Lombard Odier followed Pictet & Cie. Group SCA, Geneva’s biggest bank, which earlier this week unveiled its first financial statement since it was established in 1805. Both banks dropped their centuries-old partnership structures in January. New corporate partnership arrangements came with the requirement to report publicly.
The disclosures come amid declining profit at some Swiss banks and a Justice Department probe into tax evasion by U.S. citizens. Companies are seeking to adapt by widening their client base and offering customers new investment services.
“Our group is increasingly diversified, more international and more balanced between private and asset management clients and we are expanding our partnerships with financial services providers,” Senior Managing Partner Patrick Odier, 59, said in the statement today. “Our solid net profit allows us to continue investing in all three businesses.”
Lombard Odier’s cost-to-income ratio, a measure of profitability, was 80 percent for the period, as it invested in its private and institutional client businesses. It didn’t provide any details of year-ago figures in the earnings report.
The bank said it managed 156 billion francs for clients at the end of June and total client assets, including those held in custody only, were 211 billion francs.
Lombard Odier entered the Justice Department’s voluntary tax disclosure program in December. While the bank has set aside provisions to pay a possible fine, it hasn’t disclosed the amount, said managing partner Hugo Baenziger, a former chief risk officer at Deutsche Bank AG who joined in April.
“The moment we publish the number we provide for, that’s the number we have to pay,” Baenziger told reporters on a conference call.
While Switzerland remains the largest hub for cross-border banking, with $2.3 trillion of assets, more than a third of its private banks were loss-making last year as companies set aside about 900 million francs for costs related to the U.S. investigation, accounting and advisory firm KPMG said in a report on Aug. 20.
Lombard Odier is run by eight managing partners, including Thierry Lombard, who has worked at the bank since 1976, and Frederic Rochat. It employs about 2,000 people in 19 countries or jurisdictions.

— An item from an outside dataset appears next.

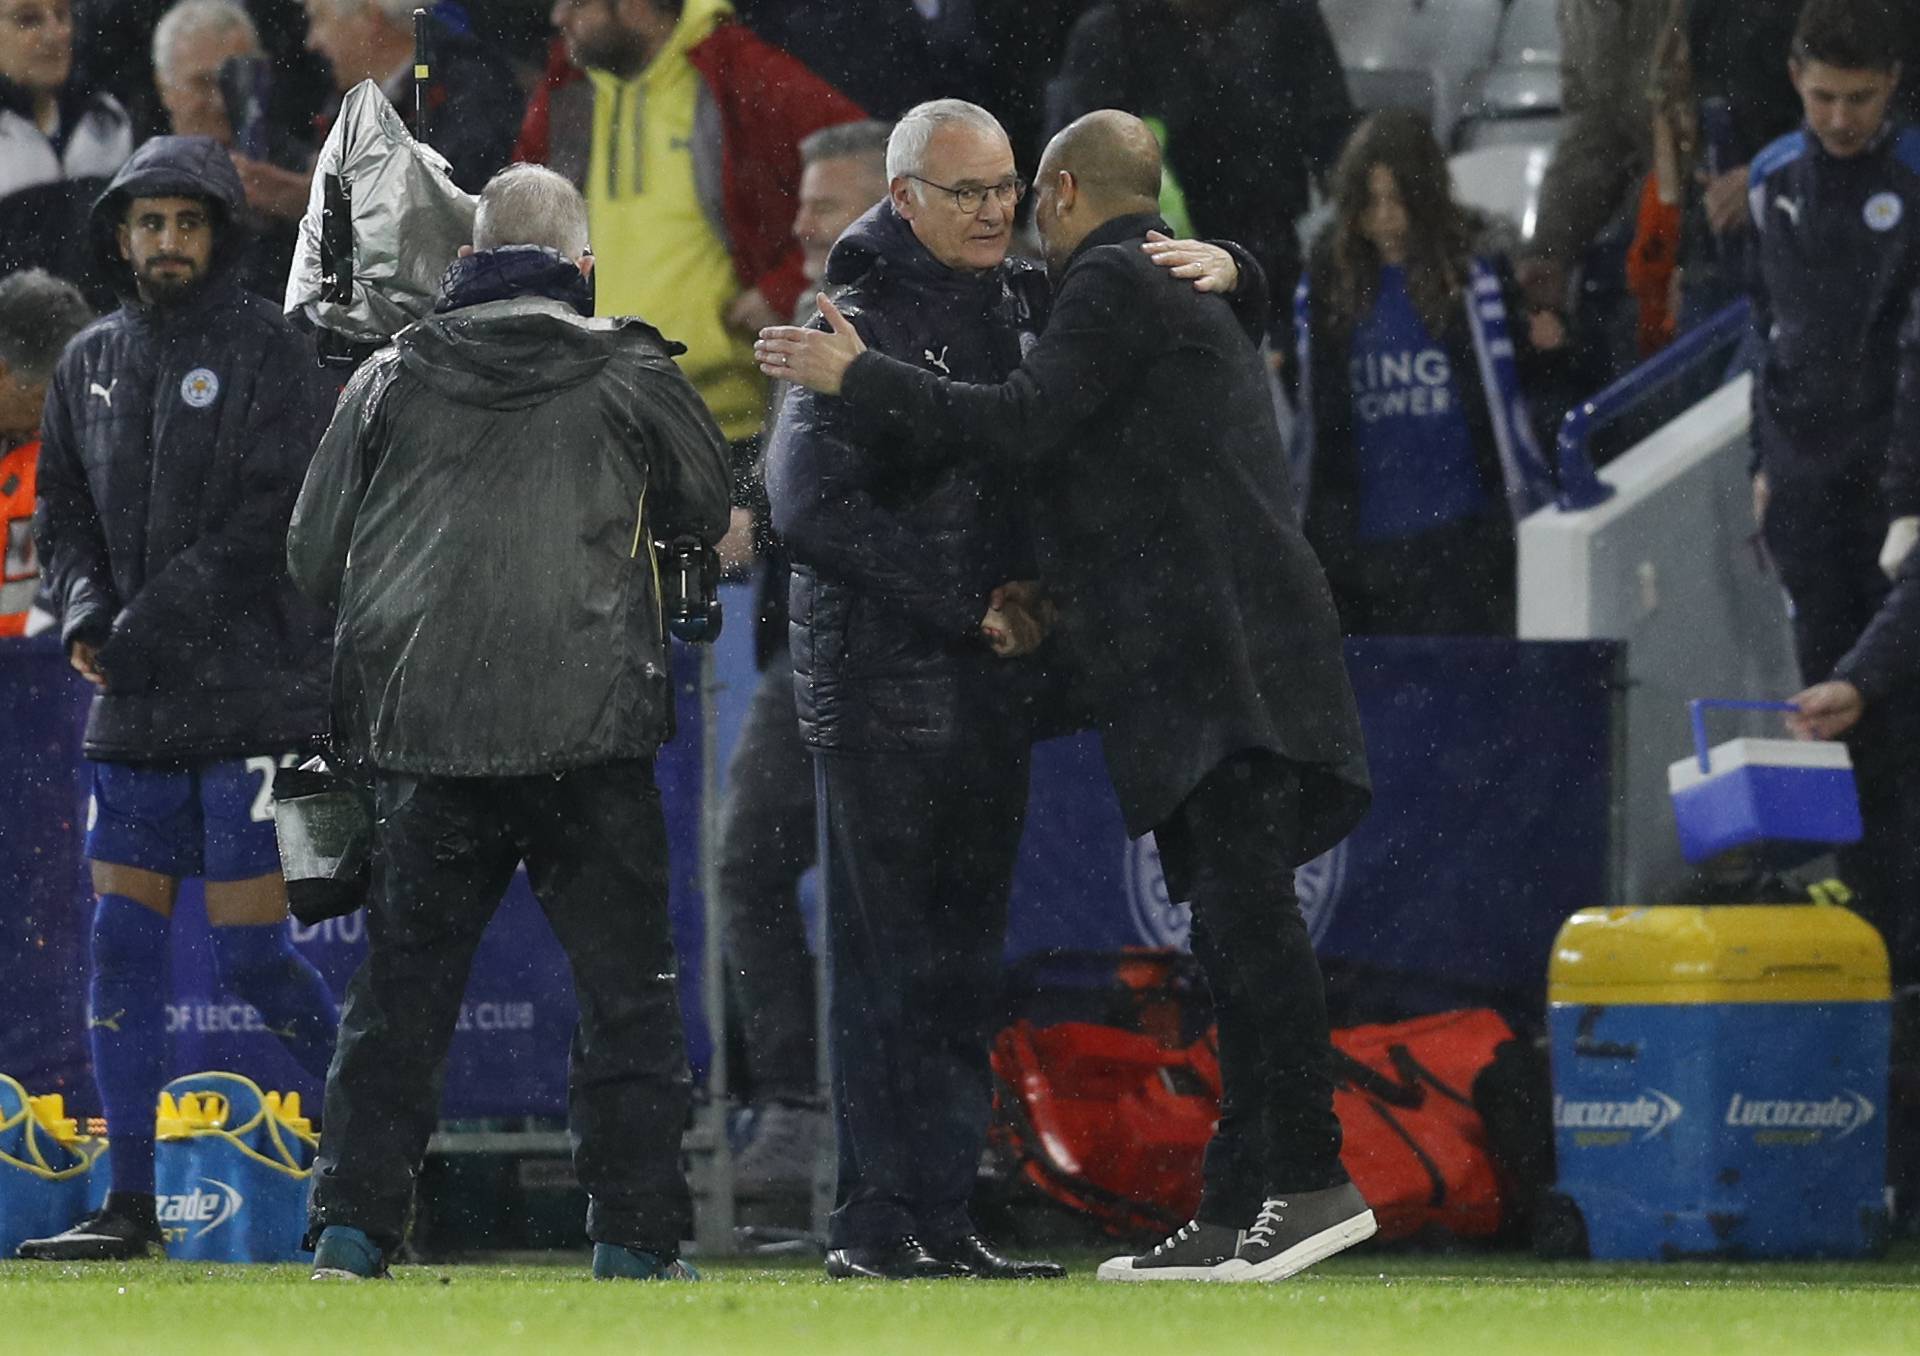 Manchester City manager Pep Guardiola and Leicester City manager Claudio Ranieri embrace at the end of the match

Total assets of private clients were 114.7 billion francs, while institutional customers invested 47.8 billion francs, Lombard Odier said. Assets of clients using its custody and technology services amounted to 48.5 billion francs.

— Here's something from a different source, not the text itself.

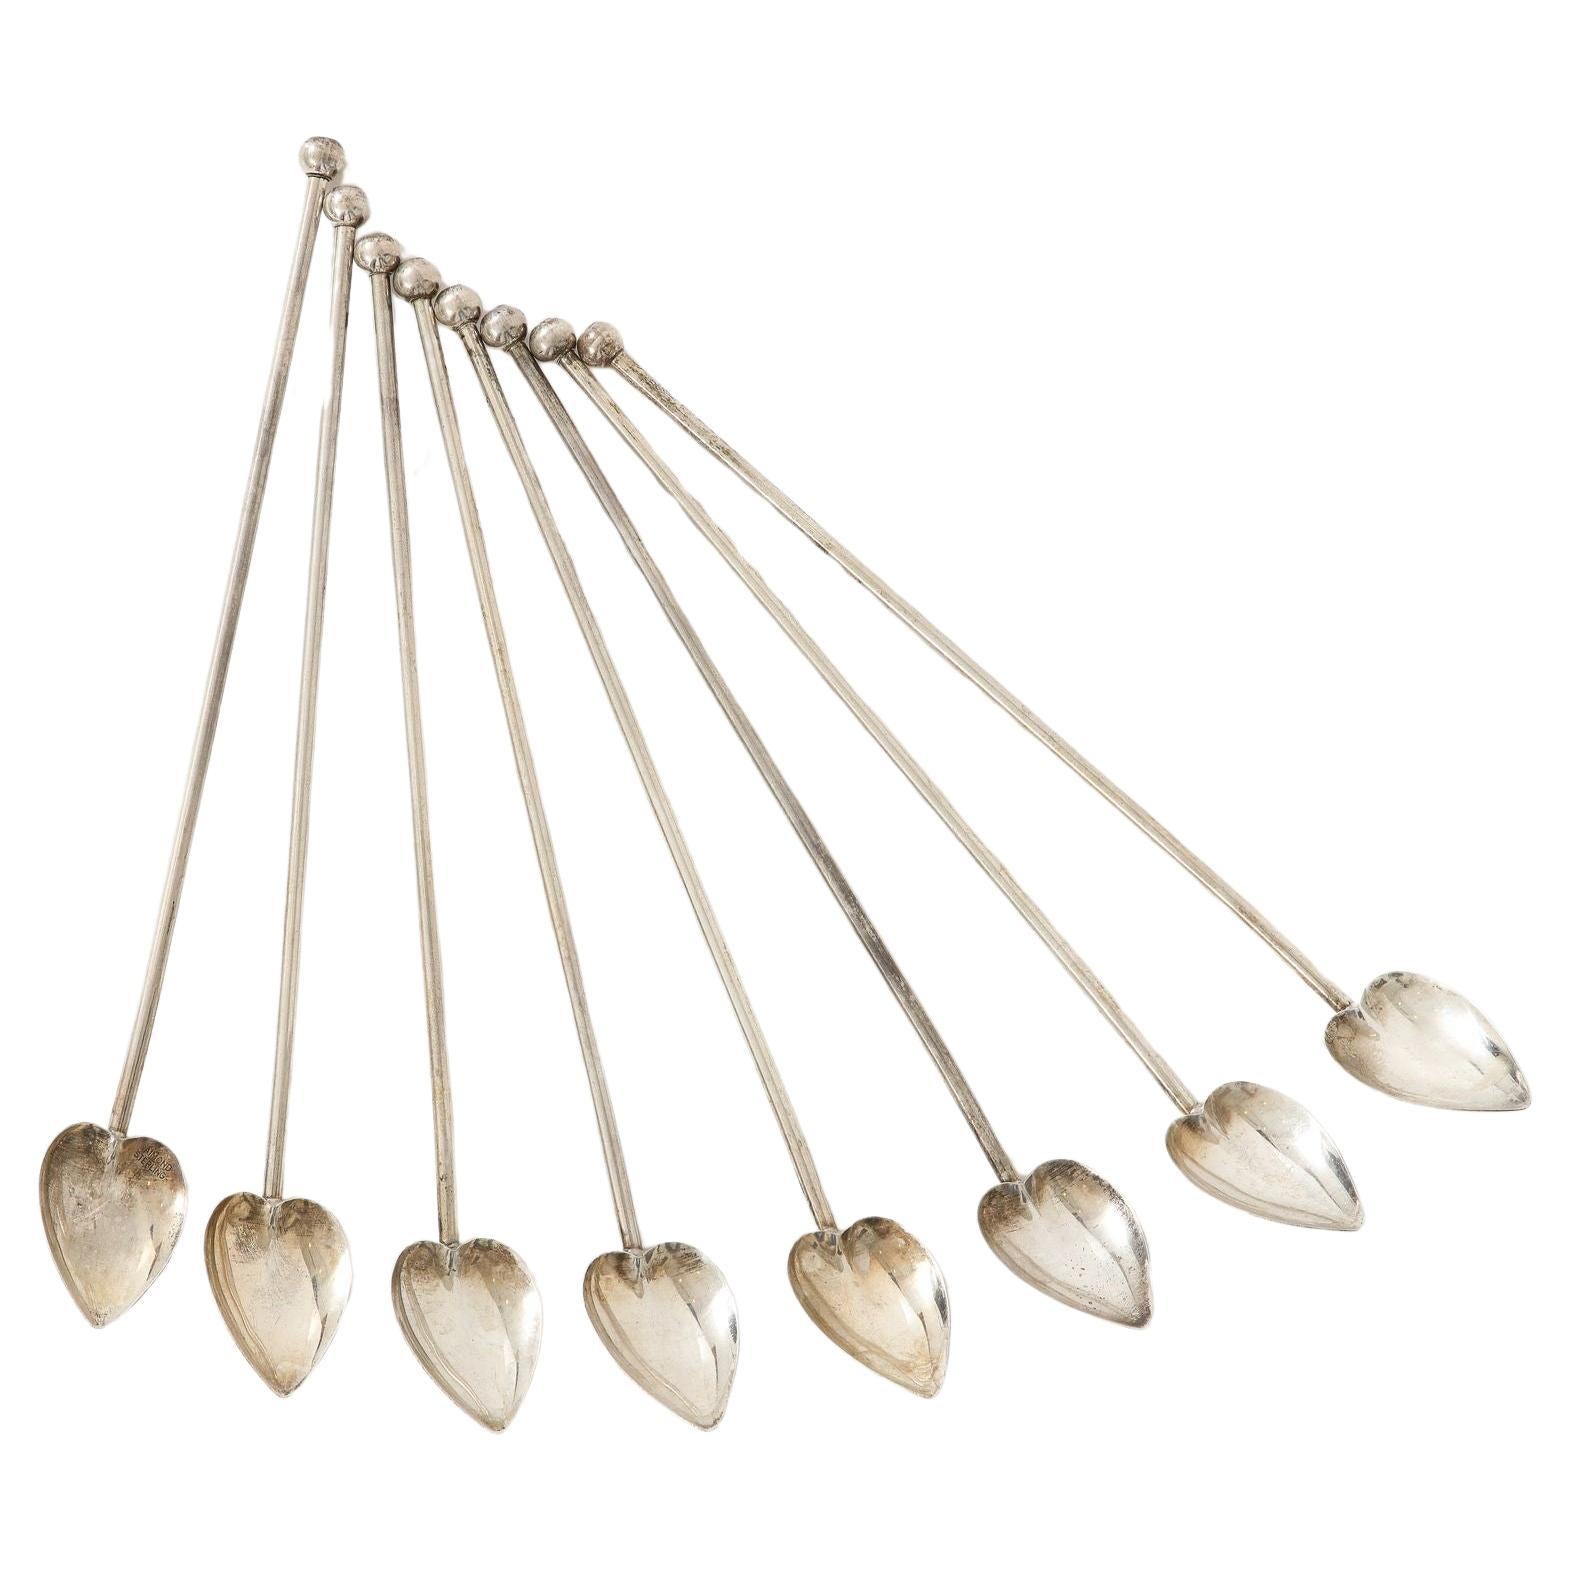 8 Sterling Silver Cocktail Heart Shaped Spoons/Straws

Lombard Odier recorded “slightly negative” net new money in the first half of the year after low interest rates prompted institutional clients to withdraw from its money market funds, Rochat said. Investments pulled from the asset management business outweighed positive net new money from private clients, he said.

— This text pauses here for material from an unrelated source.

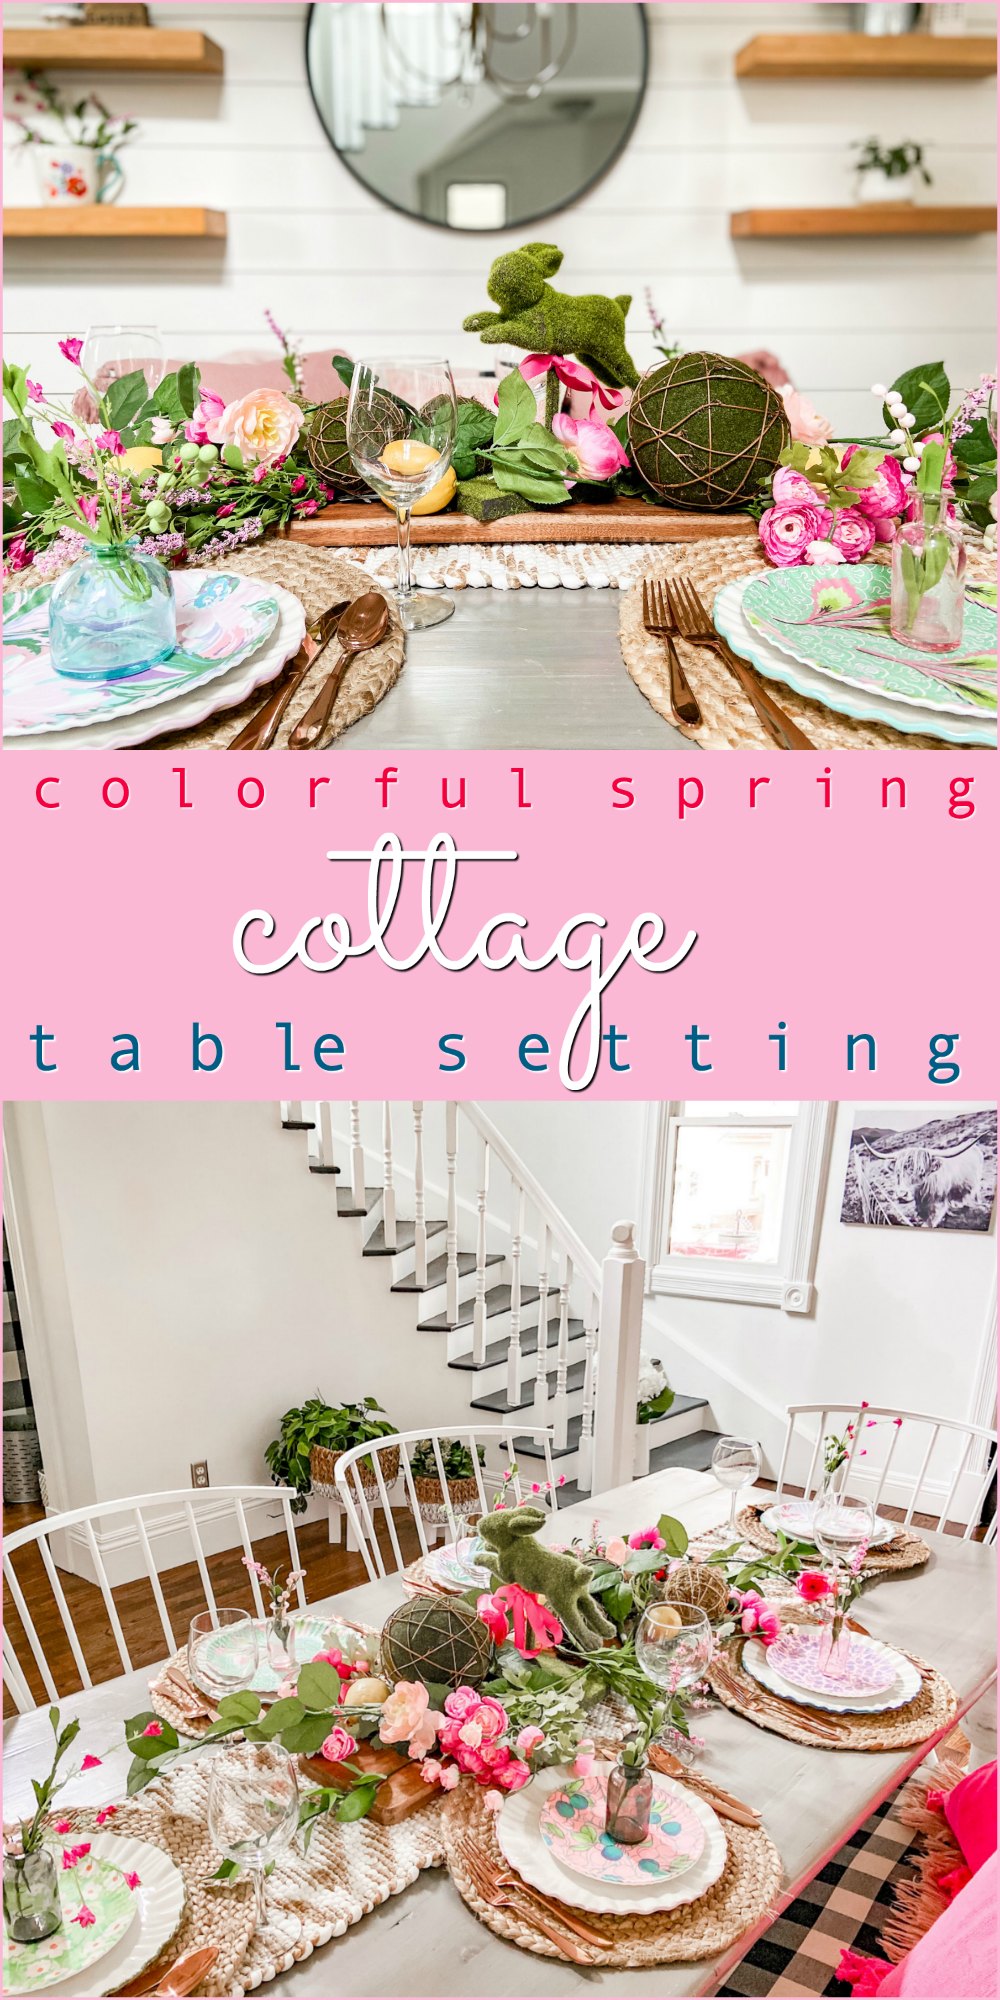 Colorful Spring Cottage Table Setting. Celebrate Spring with a colorful table setting anchored by bright patterned plates and a whimsical bunny and branches centerpiece.

Lombard Odier has hired fund managers such as New York-based Steven Bulko, formerly of Dillon Read Capital Management LLC and Goldman Sachs Group Inc. to boost business from institutional clients such as pension funds.
Bulko’s 1798 Fundamental Strategies Fund, which oversees $1.35 billion, gained more than 26 percent since he began running it in 2011, the bank said. The fund has declined almost one percent this year. Nathalia Barazal, based in London, manages $7 billion in convertible-bond funds, it said.
Mirabaud SCA, a Geneva bank founded in 1819, reported 17.5 million francs net income in the first six months of the year from client assets of 27 billion francs. The company, which also changed its partnership structure, isn’t among those seeking a non-prosecution agreement in the U.S. tax program, it said in an e-mailed response to questions.